The obvious justification for this is security, but once you have the framework in place, you can imagine using it to split many different types of UI control to a separate process, and thus an E- rather than a P-core.

Why would you do this?
Suppose the control involves a lot of compute, but is not sped up by a P-core (eg a Maps control is probably gated by the network; a photo browsing control is probably gated by IO). The obvious way of writing an app would have this code executing on the P-core because the entire app (and especially the UI) executes on the P-core. But now you have a fairly simple way, without much developer hassle, to delegate some of that UI to run on an E-core when appropriate.

Nice for saving a little energy. And also adding to the continually growing reasons to have more E-cores. (Adding to on-going attempts to move more OS functionality into separate processes, generally running on E-cores.)

Confused-User · Nov 19, 2024

name99 said:
The other way to look at this is that Apple are probably trying to move more and more processing to E-cores, both for the obvious reason of lower energy, but also more parallelism.
Consider for example this patent:

That's a cool find and quite interesting. I don't think it changes the game significantly though, in that I doubt you have more than one E core's worth of UI processing ever going on at once. So... what else can use a bunch of E cores? I can't think of much, considering all the existing special purpose silicon - media engines, SSD controller, SE, etc. But I am no doubt missing something. Am I missing enough that there's a good argument for, say, 12 E cores?

I was in any case thinking about something more ambitious- closer to what AMD did with Bergamo and later with Zen 5c cores- though probably not quite that many cores.

They could easily do that, but I don't think their TAM is big enough to make that worth doing right now. At least, I don't think they think so. Hard to say what would turn up if they actually built it- though without less insane RAM prices, I doubt anyone would ever find out.

Icelus · Nov 20, 2024

Inside M4 chips: CPU core performance

In-core performance compared across P and E cores in M1, M3 and M4 chips shows substantial performance improvements, particularly in vector and matrix computation.

eclecticlight.co

komuh · Nov 20, 2024

leman said:
My knowledge is possibly outdated. How would you run MPSGraph on the NPU? I am only aware of the Metal device type.

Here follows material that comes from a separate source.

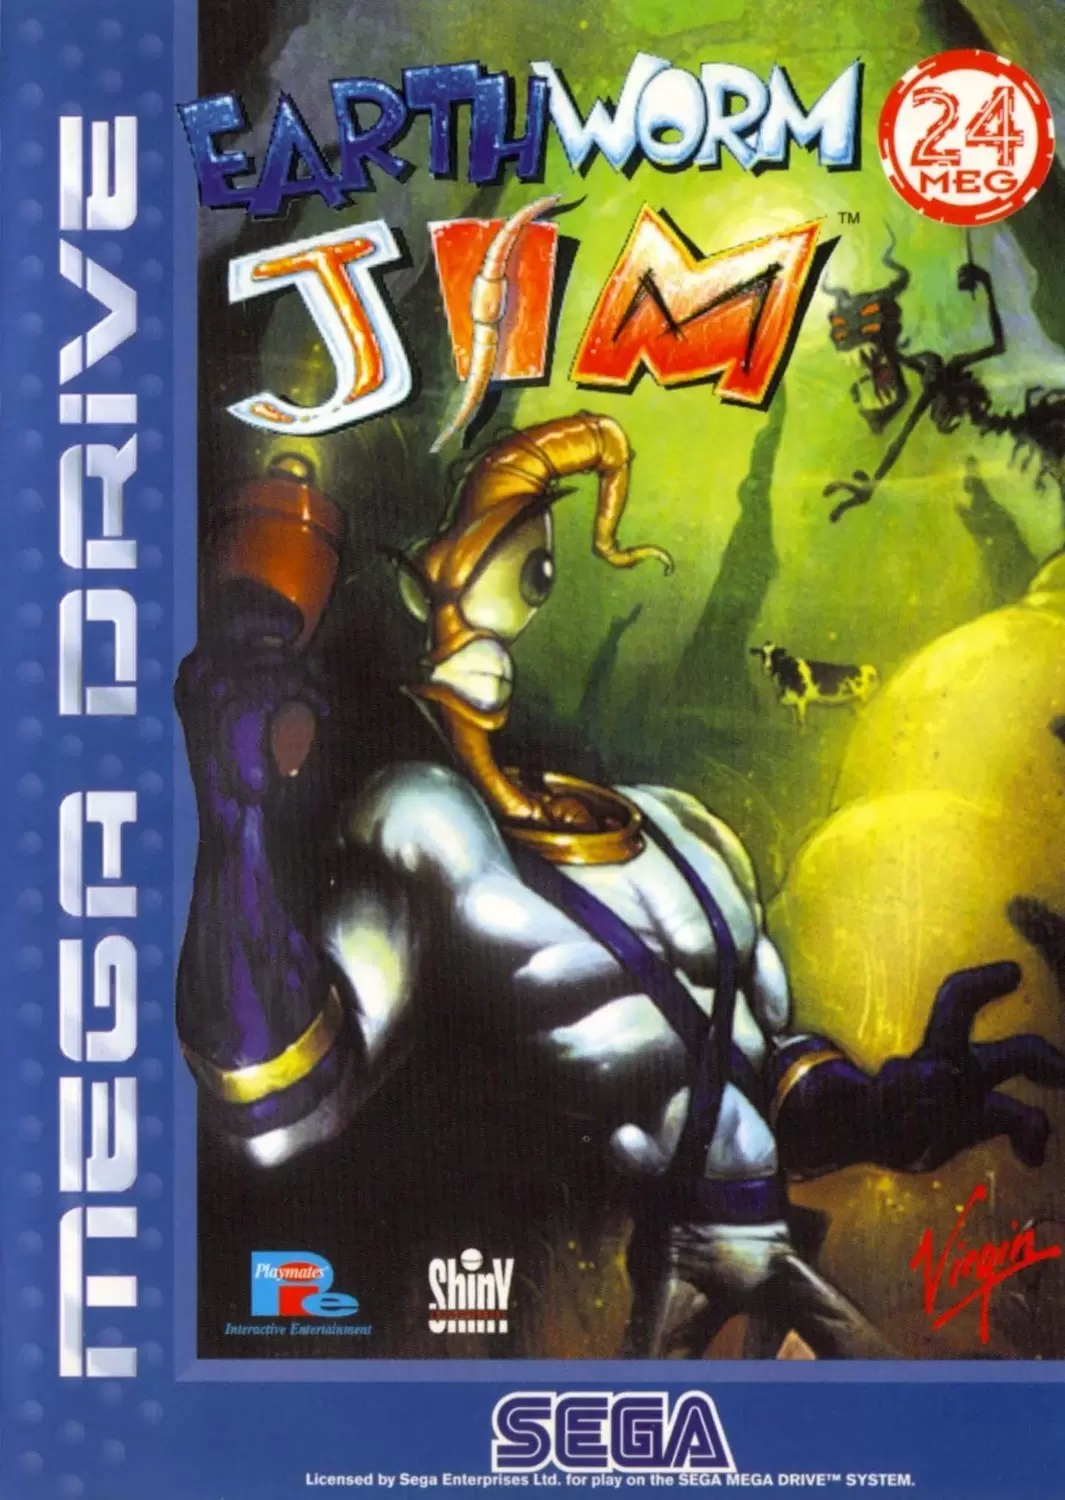 Sega Genesis Games - Earthworm Jim

Yes MPSGraph is lowered to MLIR like format and compiled to device that is selected by a system (if you use proper types and ops it can run on ANE). CoreML is also using MPSGraph or some part of its as backend at least from macOS 13+ (.mlpackage format). They have also a private ANE framework which is most likely used as kinda Metal/CUDA for NPU calculations.

name99 · Nov 20, 2024

Confused-User said:
That's a cool find and quite interesting. I don't think it changes the game significantly though, in that I doubt you have more than one E core's worth of UI processing ever going on at once. So... what else can use a bunch of E cores? I can't think of much, considering all the existing special purpose silicon - media engines, SSD controller, SE, etc. But I am no doubt missing something. Am I missing enough that there's a good argument for, say, 12 E cores?

I was in any case thinking about something more ambitious- closer to what AMD did with Bergamo and later with Zen 5c cores- though probably not quite that many cores. They could easily do that, but I don't think their TAM is big enough to make that worth doing right now. At least, I don't think they think so. Hard to say what would turn up if they actually built it- though without less insane RAM prices, I doubt anyone would ever find out.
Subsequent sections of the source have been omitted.